The area experienced considerable climatic instability resulting in long-term drought conditions during the early to middle Bronze Age periods, (3000-1550 BC), Peasnall said.

“This was a dynamic period that involved the emergence and collapse of social, political and economic systems,” Peasnall said. “Because the Upper Tigris Basin contains many Bronze and Early Iron Age sites, scholars consider it ideal for exploring hypotheses about the impact of the significant climatic changes that occurred during those periods.” 

The combination of recovered cultural data along with relevant environmental data will provide important insights into past environmental changes, how people responded to those changes and the consequences of those responses, Peasnall said. 

Fieldwork 

The survey team spent five days per week locating and documenting findings, capped by two days of laboratory research at the expedition house in Batman.

Daytime temperatures in the summer averages above 100 degrees Fahrenheit, yet nights are cool enough to bring out the blankets.

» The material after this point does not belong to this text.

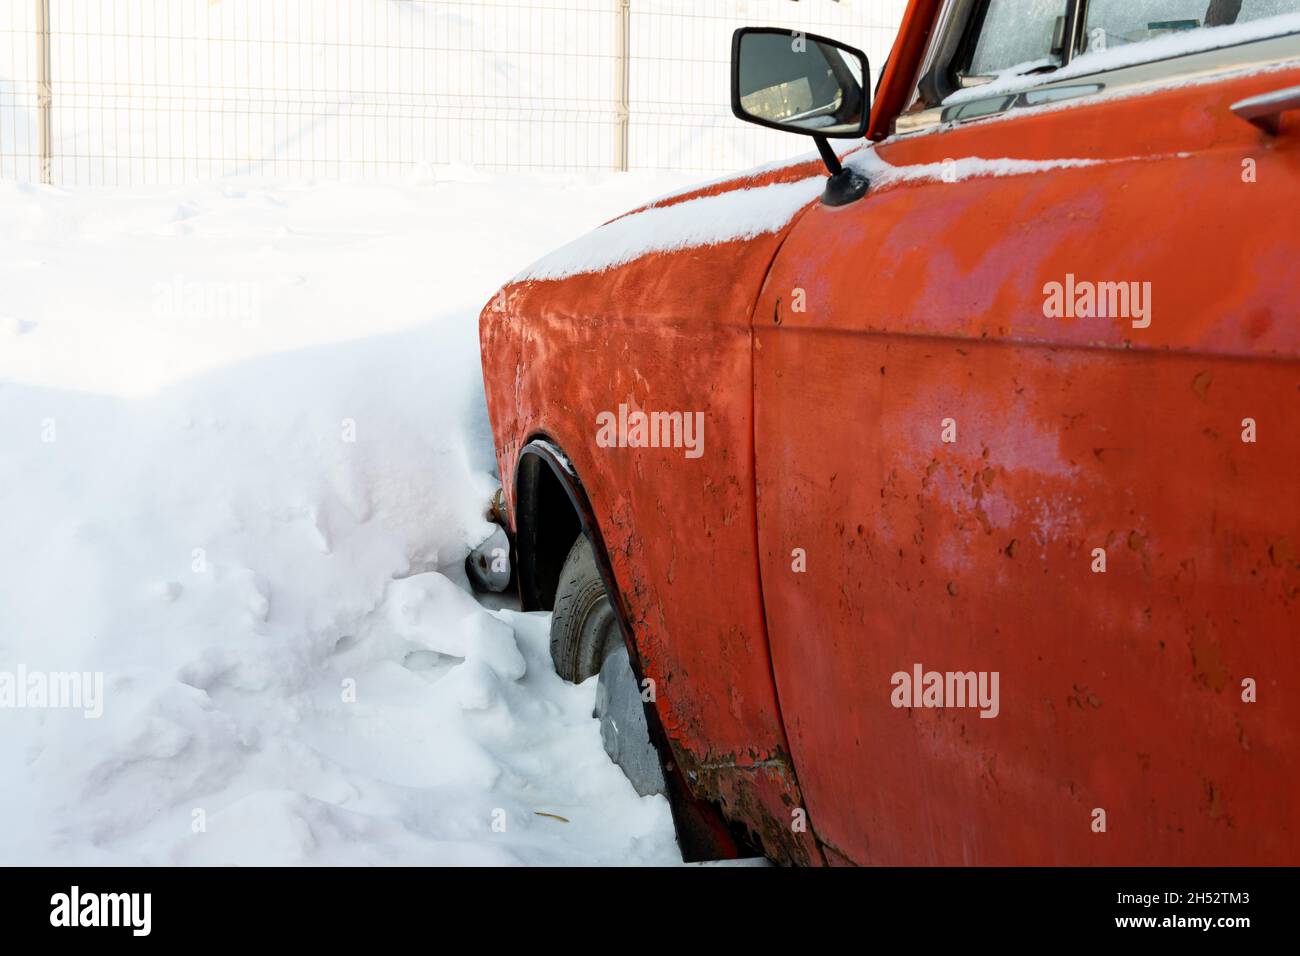 vieille voiture rétro brisée rouge rouillé vieux garé en hiver sur fond de neige le jour d'hiver glacial Banque D'Images

“I got up at 4:30 a.m. to put the coffee on for the team. After coffee, we loaded our van and were on our way by 5:30 a.m.,” Peasnall said. “It can get brutally hot, so we wanted to get a start in the field as the sun is just getting high enough to see by, but when it is not as hot as later in the day.” 

As the fieldwork revolves around locating sites and gathering cultural materials, the survey team has learned that the best approach is to ask local farmers and shepherds for possible site locations. 

“They are intimately familiar with the land, so it makes sense to start with them,” Peasnall said. “I generally bring along a sample of the types of things we are looking for, such as pottery shards and chipped stones, and we ask if they have come across any of these objects.”

While the occasional spectacular find may yield figurines, beads, coins or bronze pins, the most helpful objects are pottery fragments and chipped stone from the production of tools, Peasnall said. 

Site locations are recorded via handheld Global Positional System units, along with environmental data including soil types, hydrology and vegetation cover in the vicinity. 

At the expedition house

“During the two days each week spent at the expedition house in Batman, researchers clean and process finds from the week in the field,” Peasnall said. “This information is entered into a Geographical Information System that allows researchers to construct a model detailing demographic and land-use trends throughout antiquity, as well as the environmental factors that may have influenced the decisions behind these land-use patterns.” 

To date, the survey team has recorded 146 sites, ranging in time from the Neolithic to the Ottoman periods.

Besides being somewhat less demanding than the research in the field, the days spent at Batman gives team members a chance to visit other projects, or to visit some of the tourist sites in the region, Peasnall said.

Hospitality is a very important cultural value here, and this is true not only in terms of giving it but also accepting it, Peasnall said. “It would be very rude to just focus on our work and not spend some time over a glass of tea or even a meal with the villagers we meet while in the field, or with friends and colleagues back in Batman.” 

Peasnall, who graduated magna cum laude from Temple University in 1986 with a major in linguistics and a minor in classical culture, received his master’s and doctoral degrees in anthropology from the University of Pennsylvania in 1993 and 2000, respectively. 

Survey team members this summer also included Peasnall’s son, Sean, a student at Drexel University; Regina Fiacco, a senior in the UD College of Arts and Sciences; Sukriye Akin, a student at Cumhuriyet University in Sivas, Turkey; and James Richard Bacon, faculty coordinator of the UD Academic Center, Associate in Arts Program, Georgetown. 

Other team members incude Guner Coskunsu of Yeditepe University, Istanbul; Atilgan Kaya of the Sivas Museum in Turkey; and team driver Huseyin Cuze.